Brasil e Estados Unidos chegaram ontem (17/06) a um acordo para evitar a escalada do conflito comercial provocado pelos subsídios ilegais americanos aos produtores locais de algodão. O Brasil concordou em suspender, pelo menos até 2012, as medidas retaliatórias, como aumento de tarifas de importação, contra 103 tipos de produtos americanos, autorizadas pela Organização Mundial de Comércio (OMC). A retaliação, uma resposta aos subsídios desleais ao algodão dos EUA, tinha início previsto para segunda-feira.
A data de 2012 foi escolhida porque nesse ano o Congresso americano fará a revisão da lei agrícola. O Executivo dos EUA comprometeu-se a, até lá, negociar com os parlamentares um novo formato para a lei, que ajuste os mecanismos de apoio ao produtor às regras de comércio internacionais. Os EUA aceitaram, enquanto isso, mudanças limitadas nos seus programas de subsídio e de crédito à exportação para produtores de algodão. Concordaram, também, em compensar os prejuízos do Brasil, financiando com US$ 147 milhões anuais, um fundo de apoio aos produtores de algodão no Brasil.
“Estamos convencidos de que não é o melhor acordo, mas é o possível”, comentou o secretário-executivo da Câmara de Comércio Exterior (Camex), Helder Chaves. “A retaliação, no nosso ponto de vista, sempre foi uma maneira de forçar os americanos a tomar as medidas necessárias”, disse um dos principais negociadores brasileiros, o embaixador do Brasil na OMC, Roberto Azevedo. Ele informou que os representantes do setor privado consultados pelo governo viam com preocupação o lançamento de sanções contra os EUA no caso do algodão.
“O que sempre defendemos foi a pressão”, endossou o presidente da Associação Brasileira dos Produtores de Algodão (Abrapa), Haroldo Cunha. “Acredito que haverá mudanças (nos subsídios americanos) ainda que não na dimensão que gostaríamos”, previu. A decisão de financiar com recursos orçamentários americanos um fundo de compensação aos produtores brasileiros já provoca lobby de grupos de contribuintes pela mudança da lei agrícola, acrescentou.
O fundo para produtores de algodão terá recursos depositados em uma agência do Banco do Brasil nos EUA e deve começar a operar na segunda-feira, previu o diretor do Departamento Econômico do Itamaraty, Carlos Márcio Cozendey. O governo dos EUA se comprometeu ainda a limitar os subsídios ao algodão a níveis inferiores aos aplicados entre 1999 a 2005 e manter consultas trimestrais com o Brasil para discutir como esses limites serão aplicados na futura lei agrícola.

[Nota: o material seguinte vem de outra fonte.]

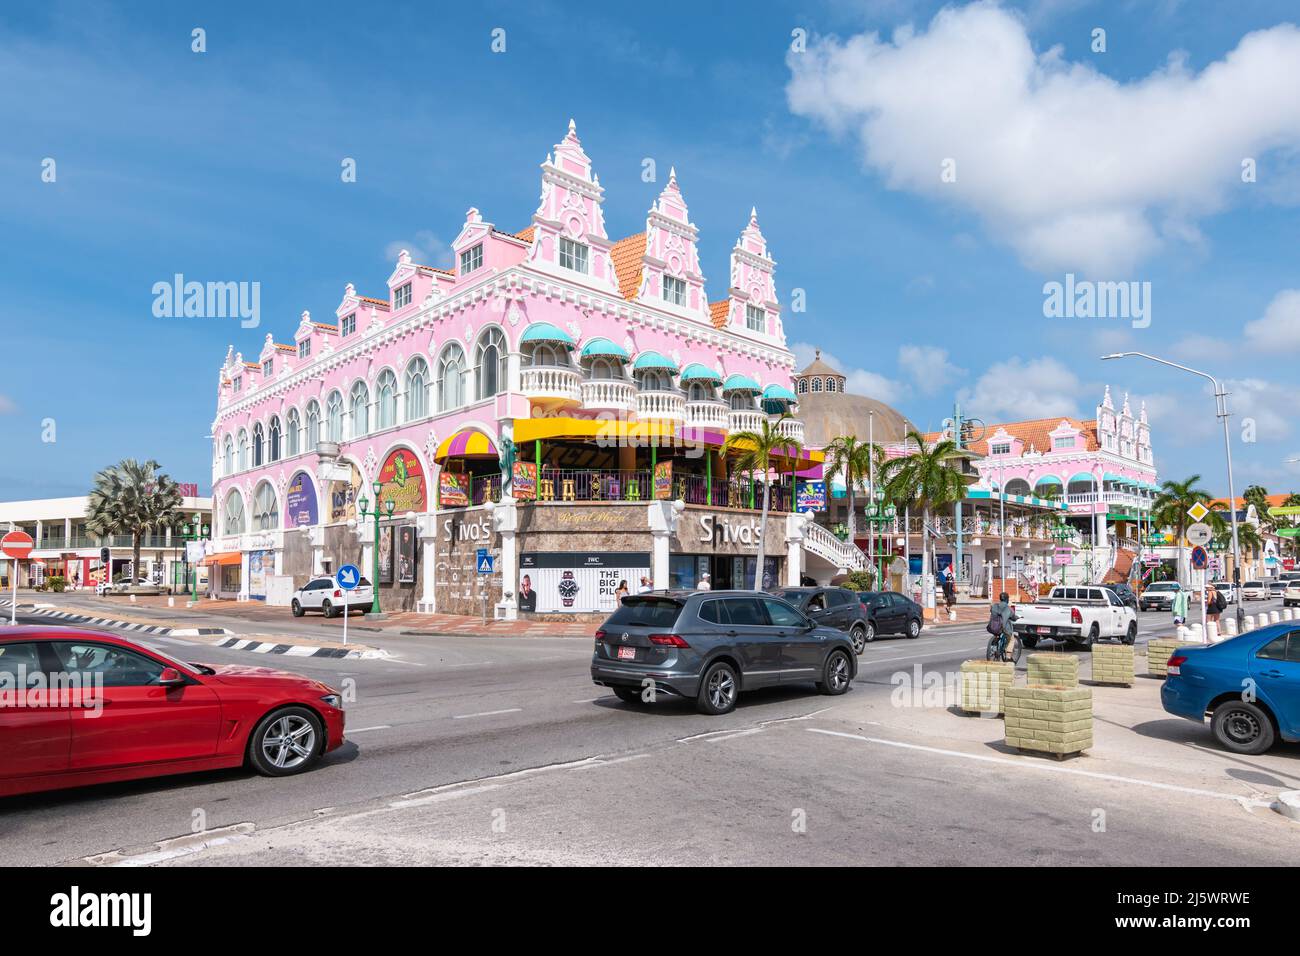 30+ View On Shopping Mall In Oranjestad Stock Photos, Pictures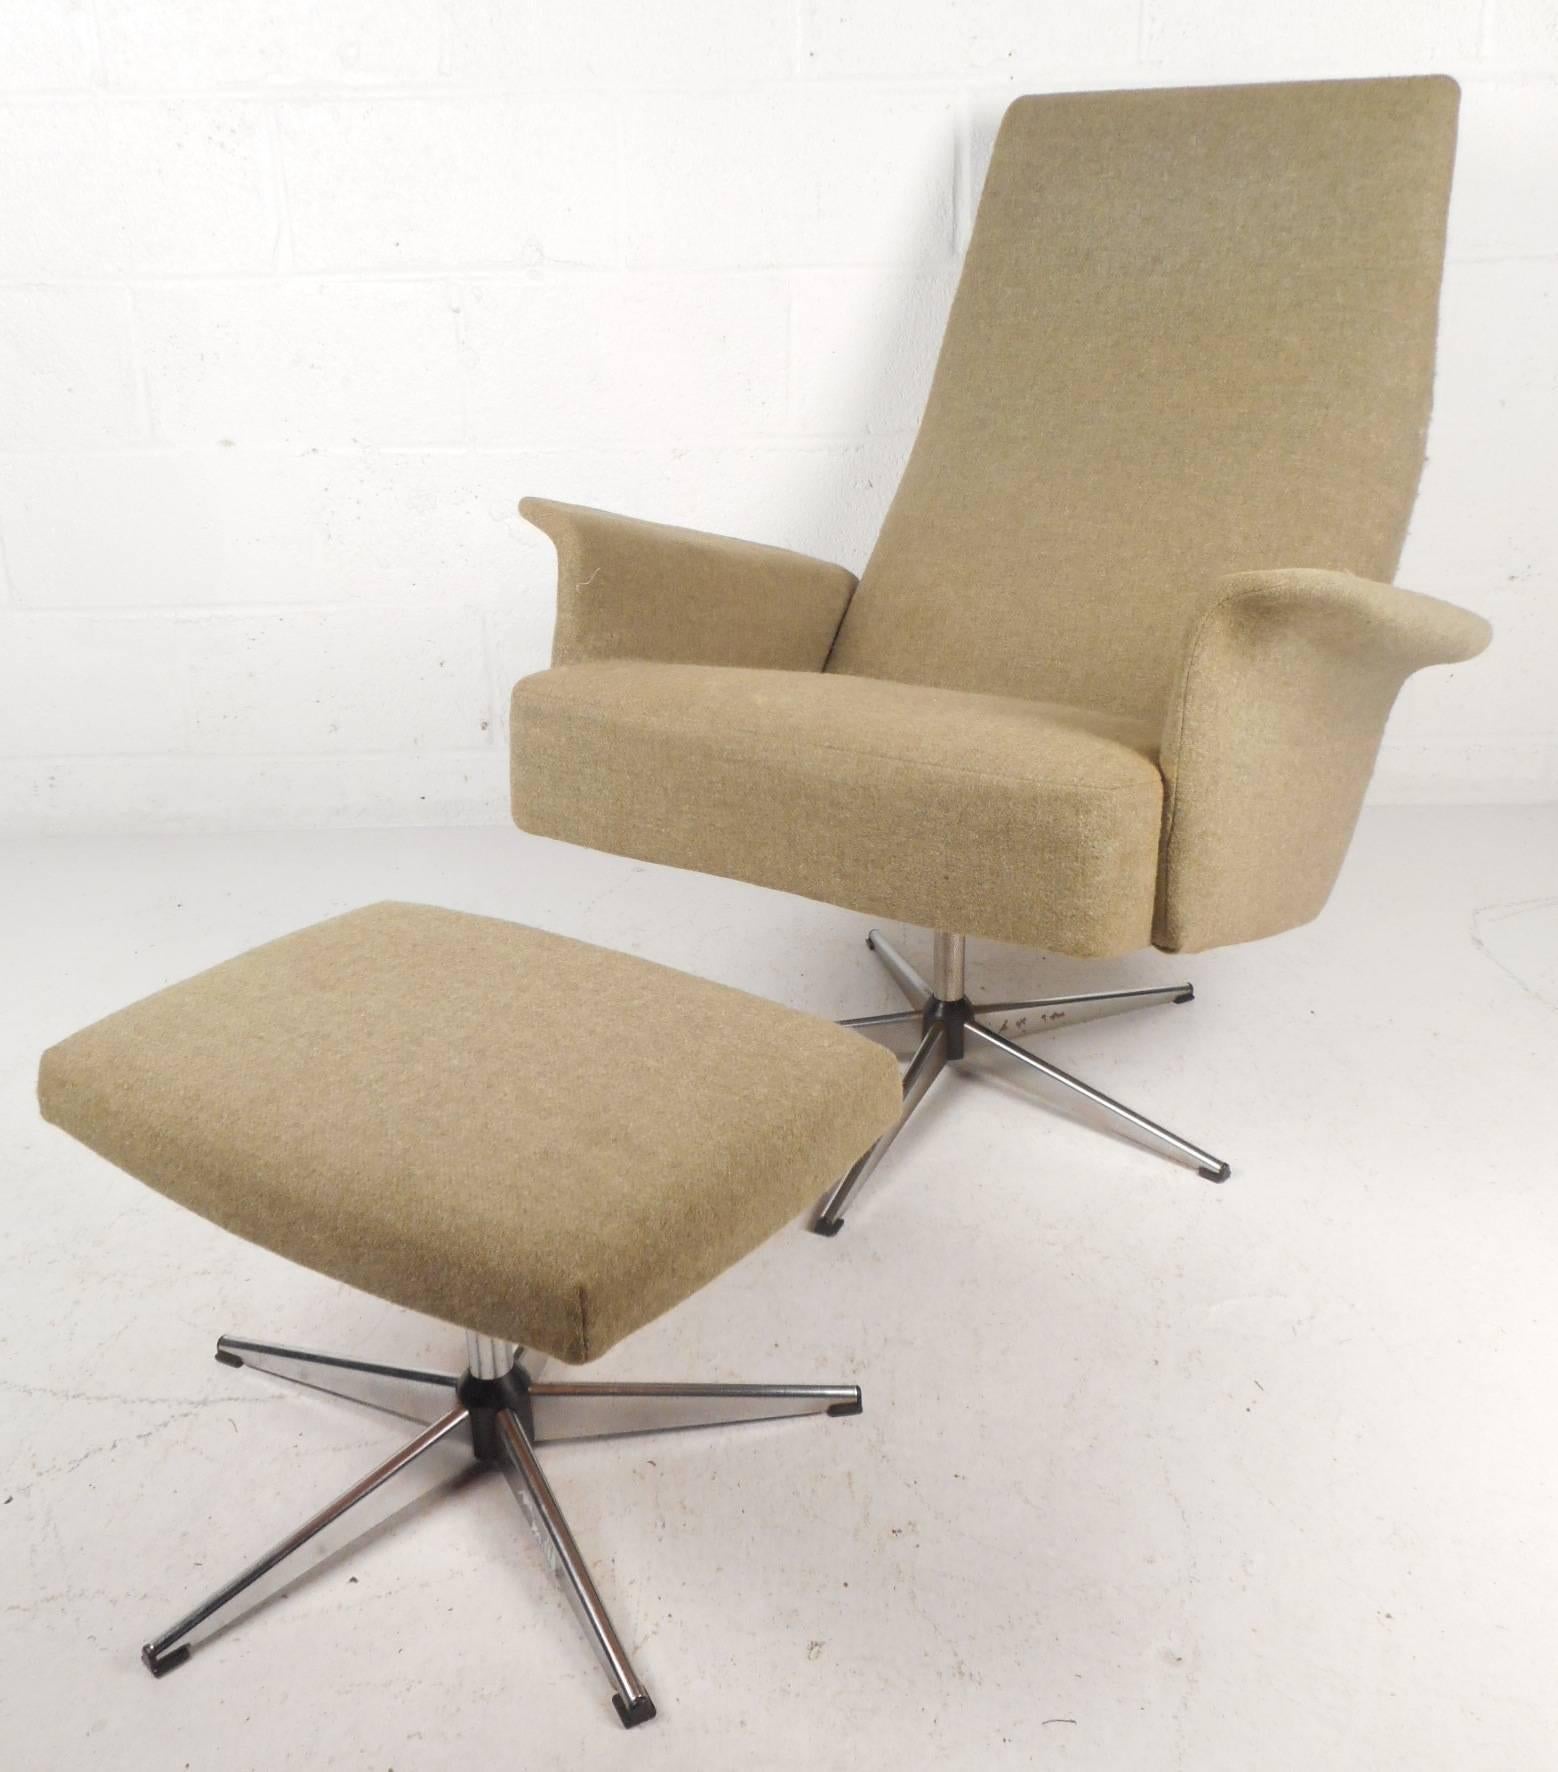 This impressive vintage modern lounge chair and ottoman features unusual winged arm rests ensuring maximum comfort without sacrificing style. Beautiful plush light green upholstery, a chrome swivel base, and a high backrest add to the allure. Sleek

Os EUA decidiram, também, mudar o sistema de crédito à exportação para os cotonicultores, reduzindo gradativamente o prazo de pagamento (médio) dos atuais 22 meses para 16 meses – ainda bem acima, porém, do prazo de seis meses negociado como referência na chamada Rodada Doha de liberalização comercial, na OMC. Sempre que o valor das garantias ultrapassar certos níveis (US$ 1,3 bilhão e US$ 1,5 bilhão) os prêmios de risco cobrados dos americanos beneficiados subirão (11% e 15%, respectivamente).
O governo não abre mão de rever o acordo e aplicar medidas retaliatórias a qualquer momento, alertou Azevedo. “O acordo nos permite continuar a trabalhar para o fim da disputa do algodão”, saudou o Representante Comercial dos EUA, Ron Kirk. “Ele melhora a habilidade dos EUA e do Brasil em aproveitar nossa dinâmica relação comercial.” O secretário de Agricultura, Tom Vilsack, disse que o acordo permitirá aos EUA evitar sanções e manter seus programas agrícolas enquanto faz ajustes e adapta a futura lei agrícola.
A solução foi criticada, porém, por um dos principais especialistas no assunto, Pedro Camargo Neto, um dos mentores do processo contra os EUA na OMC. Para ele, o governo perdeu a oportunidade, em abril, de arrancar mais concessões dos EUA e não conseguiu o principal objetivo de reduzir significativamente os subsídios agrícolas ao algodão. A associação do setor concordou porque terá o dinheiro do fundo concedido pelos americanos, disse o economista.